Rob Sabin, November 21, 2018
Review Contents

When the Epson Home Cinema 4050 4K PRO-UHD projector was introduced at September's CEDIA Expo, Epson touted some improvements over earlier models. Among these was an update to its 1080p pixel-shifting technology that came with the claim of delivering equal detail to even some native 4K projectors. Alongside this, Epson also cited revised tone-mapping to benefit the rendering of HDR (high dynamic range) content found on UHD Blu-rays and some streamed content.

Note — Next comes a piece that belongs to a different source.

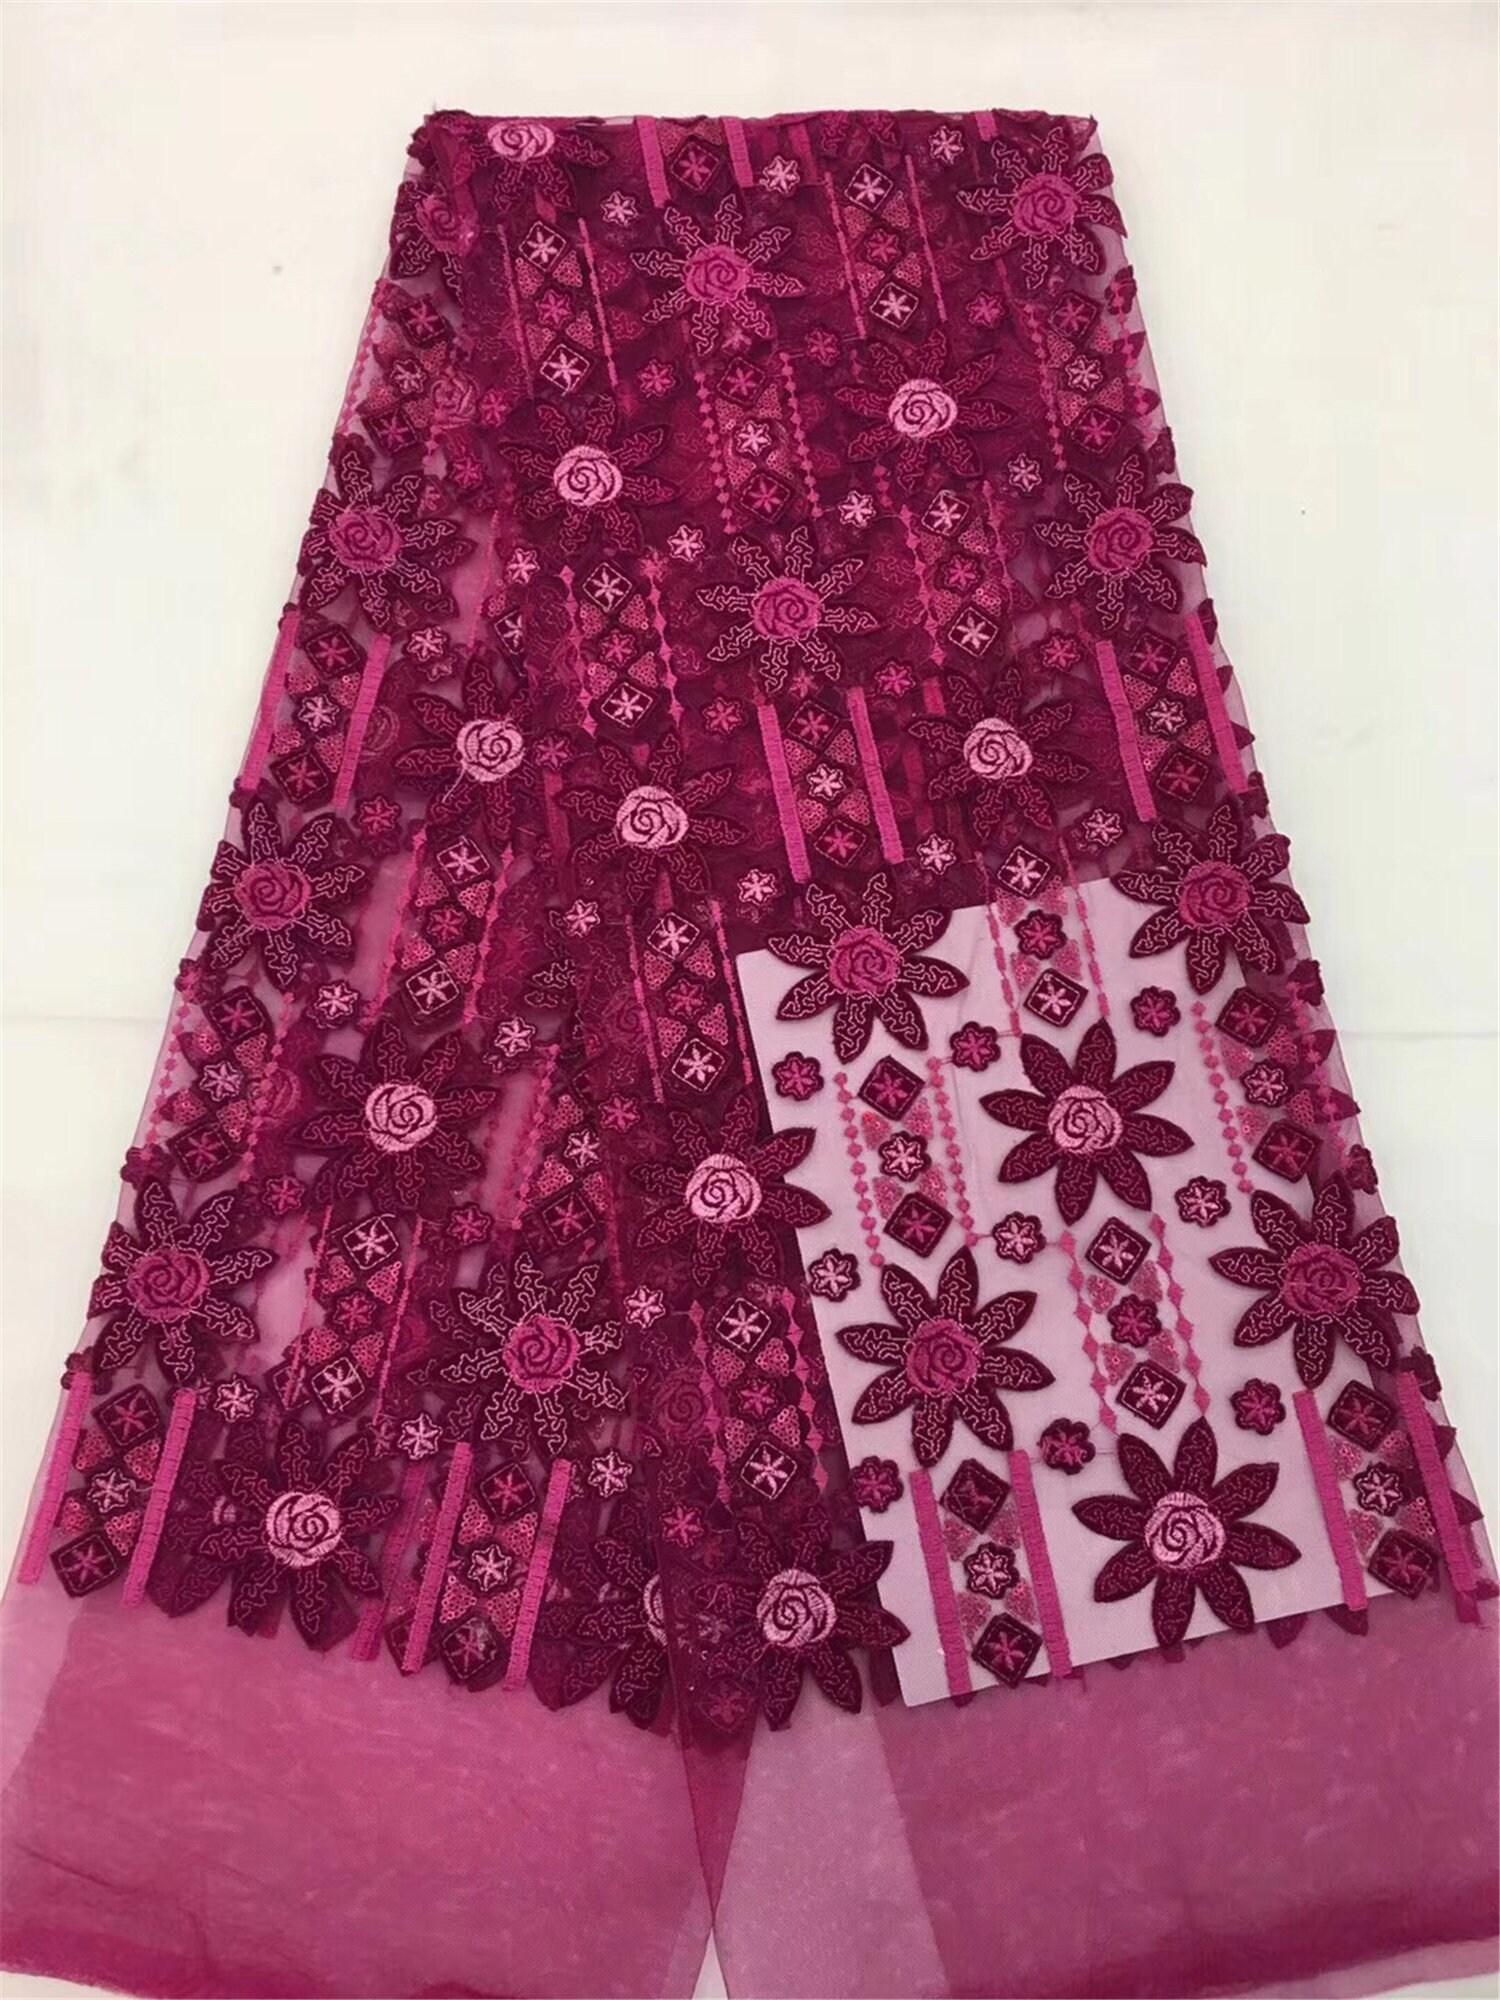 Livraison gratuite africain dentelle tissu 2018 qualité haute qualité 2018 Français velours dentelle tissu avec perles dentelle tissu pour mariage fête CD2671 a55aa5

The release just a few weeks later of the Epson Home Cinema 4010, the consumer version of this projector, set off a bit of stir among projector enthusiasts. Along with the above-mentioned improvements, the 4010 came with a couple hundred more lumens of output than its predecessor, the Epson Home Cinema 4000, and with a marginally boosted contrast ratio. With its $2199 list price and $1799 street price, the 4010 was also starting out $200 below the initial price of the HC4000. ProjectorCentral's readers began asking how the Home Cinema 4010 compares with the Home Cinema 5040UB, which at this writing remains the direct step-up model to the HC4010. It offers similar features coupled with significantly higher rated contrast and deeper black levels, the result of Epson's Ultra Black "UB" 3LCD imagers. What is the value of the improved pixel shifting and HDR in the 4010—are these monumental or just evolutionary changes? And how about the impact of the additional contrast and light output? Would these two projectors now be so close in performance that one could more easily justify skipping the $500 premium for the HC5040? Let's try to get those answers.

Epson HC4010 and HC5040
The Epson HC4010 and HC5040 share the same housing and look identical from the outside.

What is the Difference Between the Epson HC4010 and HC5040UB?

As with the Epson HC4000 vs. the HC5040UB, which my colleague Evan Powell faced off in July 2017, the new HC4010 and HC5040UB have much more in common than they do differences. Both offer a number of higher-end projector features not typically found at their price points, including robust and heavy build quality; the same outstanding 2.1x zoom, 15 glass-element lens that Epson "over-engineered" a couple of years ago to insure its longevity into future model years; compatibility with 4K/UHD HDR content, resolution enhancement via 1080p pixel-shifting; powered lens functions including long-range lens shift and 10 lens position memories for use with constant image height (CIH) widescreen installs; a dynamic iris to help boost contrast performance on dark scenes; and 1080p 3D playback. Both projectors use exactly the same white housing, which is why one photo is used here to illustrate them. The obvious differences in specifications between the models are limited to the following:

Home Cinema
Home Cinema
$1,799 (street price)
$2,299 (street price)

Along with these measurable differences in rated brightness/contrast and the $500 price gap, are the previously mentioned updated pixel-shifting, which Epson calls 4K PRO-UHD, and the improved HDR tone-mapping, which are both found in the newer and less expensive model. Both of these new advances are expected to turn up in future Epson models, including a still unannounced but imminently pending update to the HC5040.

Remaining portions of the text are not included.